Harris and Bensassi travelled the UK and Europe on the "Don't Hate, Create Tour". It featured a special performance in Paris for the fiftieth anniversary of the publication of William S. Burroughs' seminal work Naked Lunch. This event was organised by Oliver Harris, Andrew Hussey, and Ian Macfadyen. It accompanied the publication of Naked Lunch @50: Anniversary Essays, edited by Harris and Macfadyen. Lee Harris and Hicham Bensassi were inspired to create the experimental piece Hunterland.

Footage of Lee Harris has recently been included in the documentary Echoes of the Underground, which also features Jim Haynes, Brian Barritt, Henk Targowski, and Youth. The score for the film was written and performed by The Moonlight Convention.

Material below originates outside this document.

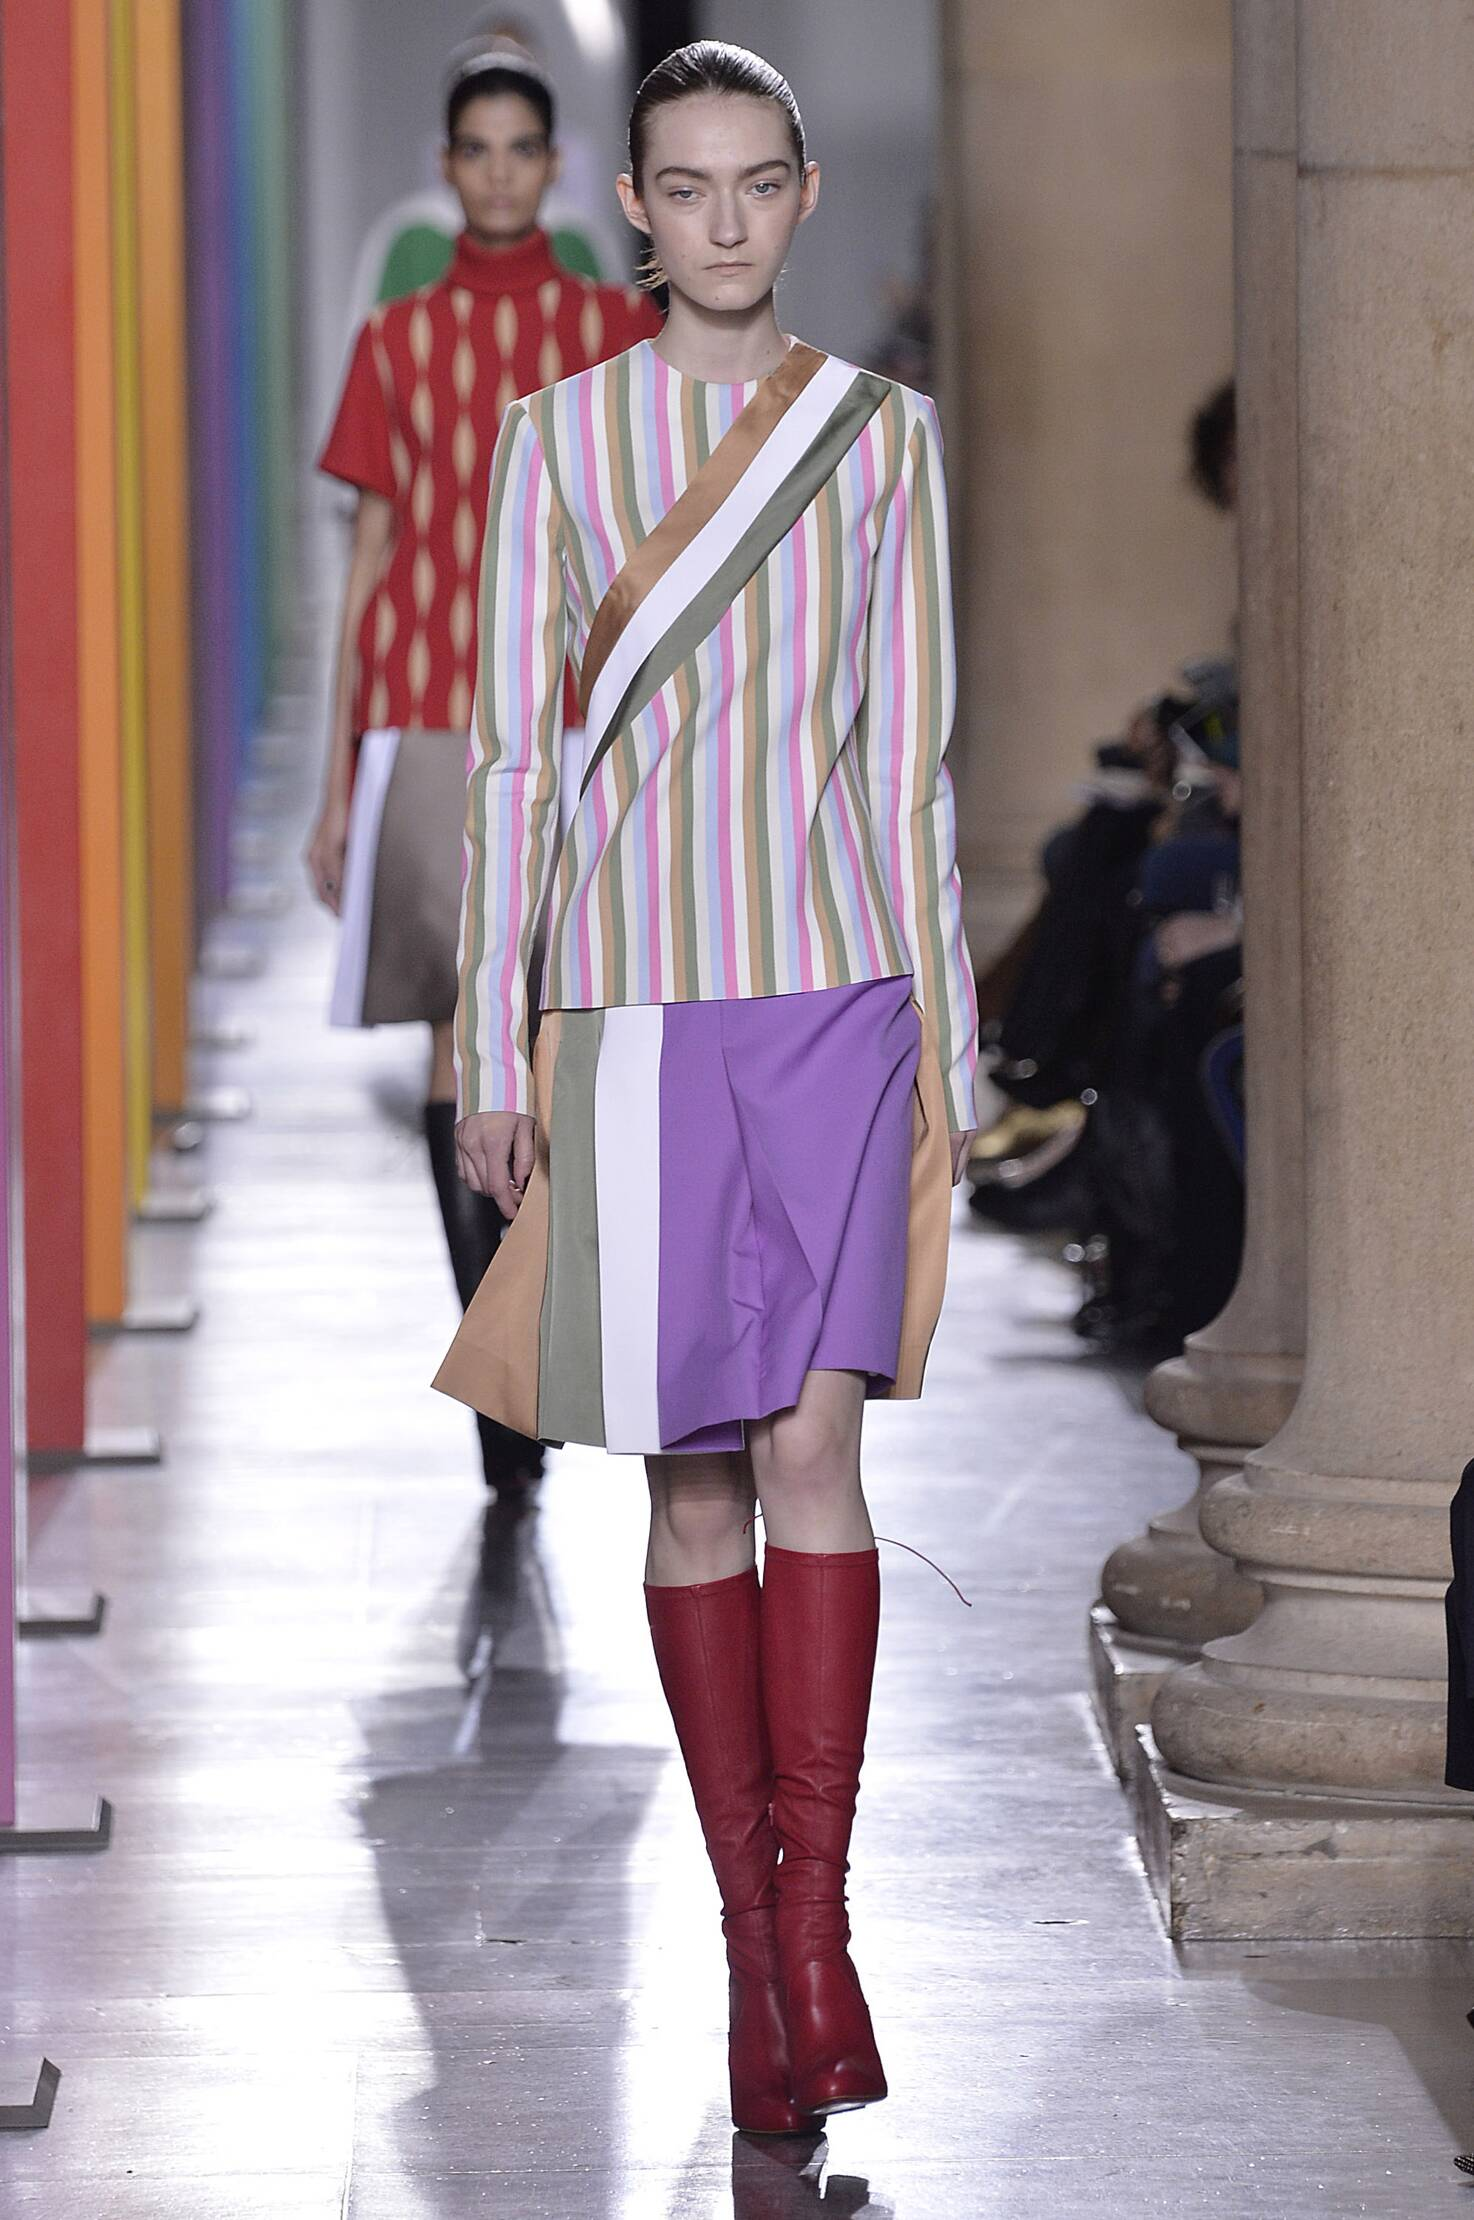 Jonathan Saunders Collection London Fashion Week Womenswear

After making the album Angel Headed Hip Hop and performing live through the UK, Bensassi started to digitise and compile Lee Harris' articles, play scripts, and underground writings. Harris' collected work was published as Echoes of the Underground: A Footsoldier's Tales, in 2014.
The book also includes rare interviews with beat poet Michael McClure, the director of the musical Hair, Tom O'Horgan, the man who 'turned on' Timothy Leary by giving him LSD, Michael Hollingshead, and Harry L. Shapiro, author of 'Waiting for the Man' and the Jimi Hendrix biography Electric Gypsy.

===2016 London mayoral election===
Harris stood as the Cannabis Is Safer Than Alcohol candidate in the 2016 London mayoral election. He was positioned in ninth place out of twelve candidates, obtaining 20,537 first-round votes (0.8%), and 67,495 second-preference votes.